The practices of the companies have the effect that the user is tied not only to the particular word processor program, but sometimes also to the computer that they wrote the document on. Transfer of the document for archival purposes becomes increasingly more difficult as the old computer becomes obsolete. That is, the documents may be easy to create, but they will not last 20 years or more. Anyone who has used a word processor from a now defunct company or computer knows that unless they converted the documents before moving on, the documents are lost.

Because I would like to be able to read email from a long time ago, I cannot store word processor binary formats. Furthermore, if someone sends me such a format, it would force me to buy the product. While I'm sure the computer companies like this, it is inappropriate, perhaps even unethical, for people to be forcing me to buy poorly designed software.


Example 1: wasteful storage
bytes document type fold difference
6633 text/plain 1
17277 application/wordperfect 2.6 fold larger!
53949 application/msword 8.1 fold larger!
This is data on a document someone sent me in 2001. It makes it clear why I call I call the second processor 'wordY'. It is wasting an enormous amount of disk space everywhere you send the message. If you can do the messages in plain text or HTML it would be more efficient. If you want to do something fancy, send just an abstract and a URL, that's even smaller!

Example 2: wasteful storage
bytes document type fold difference
6600 html 1
177664 .doc 26.9 fold

Example 3: A Schedule, 2001 June 15
bytes document type fold difference
746 itinerary.txt: text/plain 1
5718 itinerary.wpd: application/octet-stream 8 fold larger!
27667 itinerary.doc: application/msword 37 fold larger!

Example 4: Zapped Equations
Someone sent me a scientific paper that they had printed in their version of wordY. The equations were impossible to understand, making me think that the author was a nut case. Working with another person who printed the same paper out, I learned what had happened. The times symbol was printed as a double headed arrow, The alpha symbol became an underscore, and the sigma symbol disappeared entirely. Thus the same wordY document does not print the same way for two people! Based on this experience, I suggest that no scientist should ever risk using wordprocessor formats!
  • Platform that worked: IBM Thinkpad 1480i running MS Windows 98, 2nd edition, 4.10.2222A. Microsoft WORD 2000 v 9.0.2720
  • Platform that failed: Macintosh Microsoft word, version 8 with the application program being Microsoft Office 98.

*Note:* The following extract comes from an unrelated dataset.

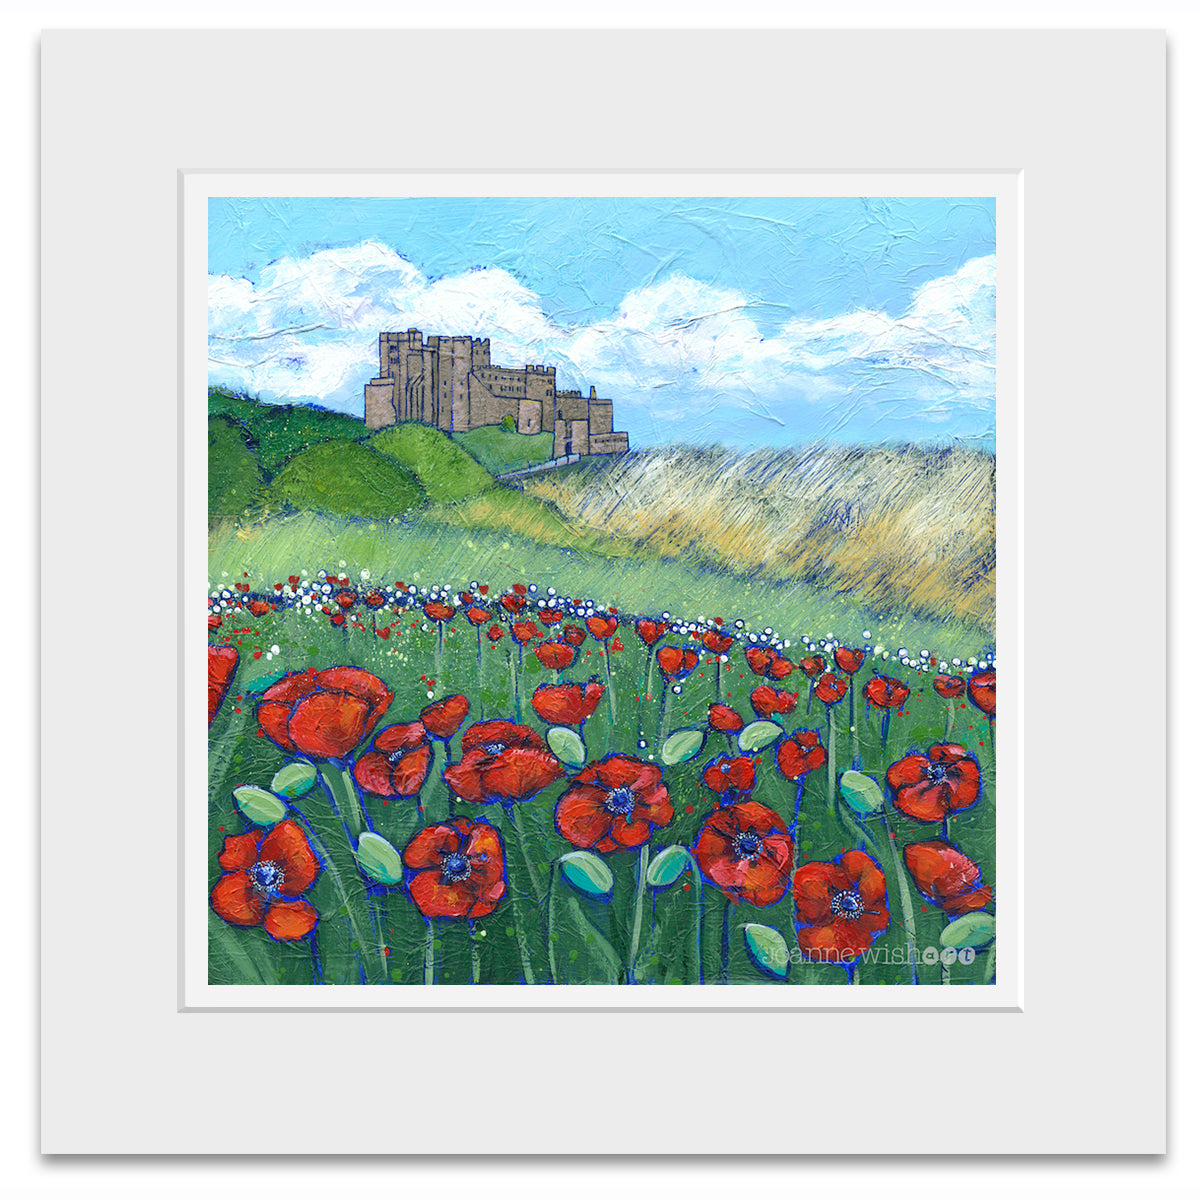 A mounted print of bamburgh castle with a swathe of bright red poppies in the dunes .

Example 4: A Letter, 2003 January 12
bytes document type fold difference
62344 original base64 encoded email -
46080 letter.doc wordy file 1
1276 letter.txt: text/plain made using openoffice.org 36.1 fold smaller
1183 letter.txt: trimmed by hand 38.8 fold smaller!
This person is wasting 97% of their disk space on pure binary JUNK! The email was 55 times larger than necessary!

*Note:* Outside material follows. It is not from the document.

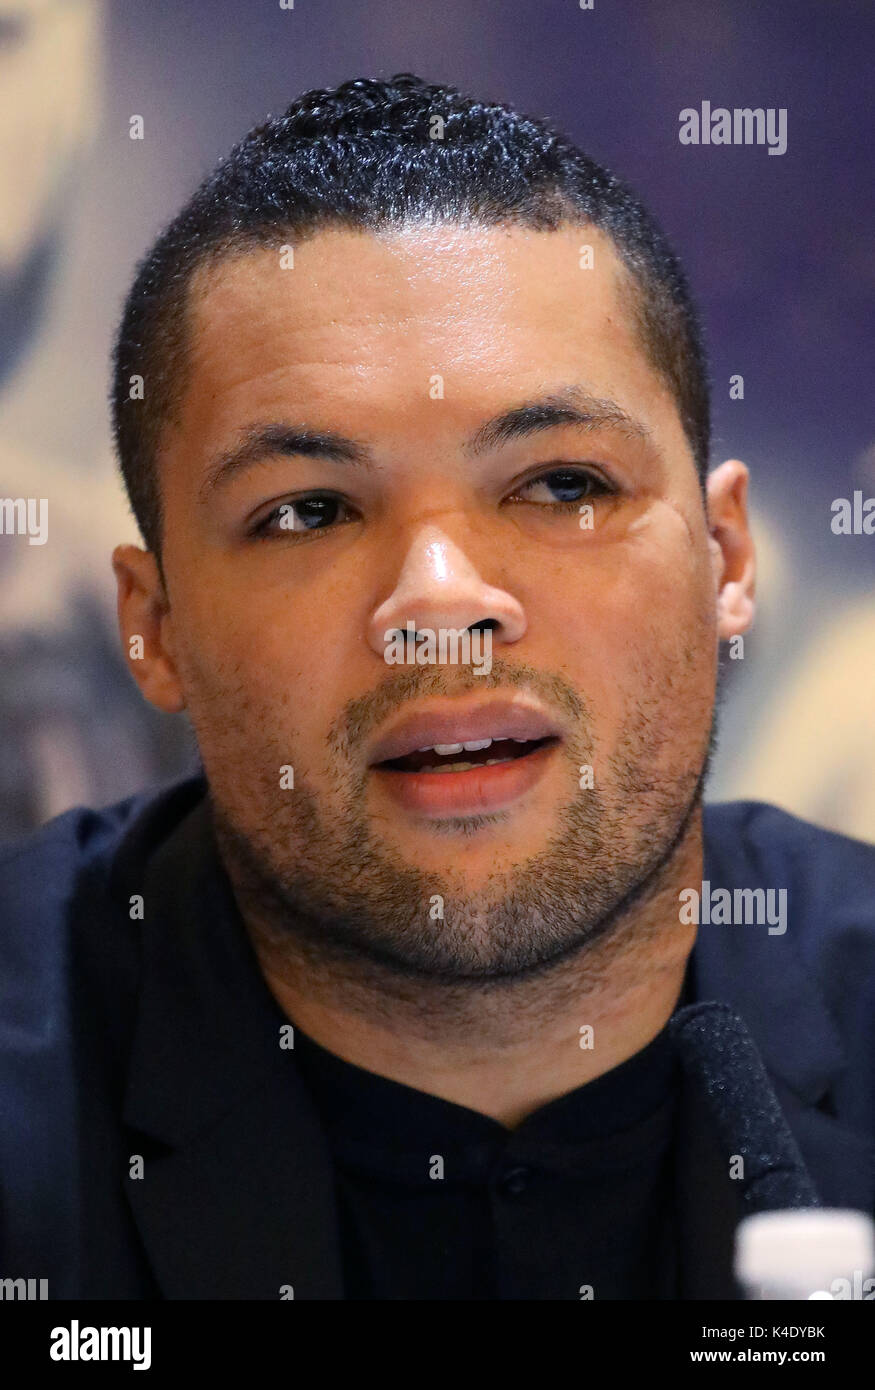 Joe Joyce speaking during the press conference at the Park Plaza Riverbank, London. PRESS ASSOCIATION Photo. Picture date: Wednesday September 6, 2017. See PA story BOXING London. Photo credit should read: Phil Toscano/PA Wire Stock Photo

Example 5: A Schedule for a Speaker, 2004 April 6
bytes document type fold difference
19968 speaker.doc 1
266 speaker.txt 70 fold smaller!
This person is wasting 99% of their disk space on pure binary JUNK! This is the current world record.

Superior Alternatives to Proprietary Word Processors

There are several alternatives available. For email the accepted standard is pure ASCII. That is, a text-only format. While this may seem primitive, it will last. Further, it serves many purposes adequately. Any documents that one wants to keep for a long time are best stored in an ASCII format.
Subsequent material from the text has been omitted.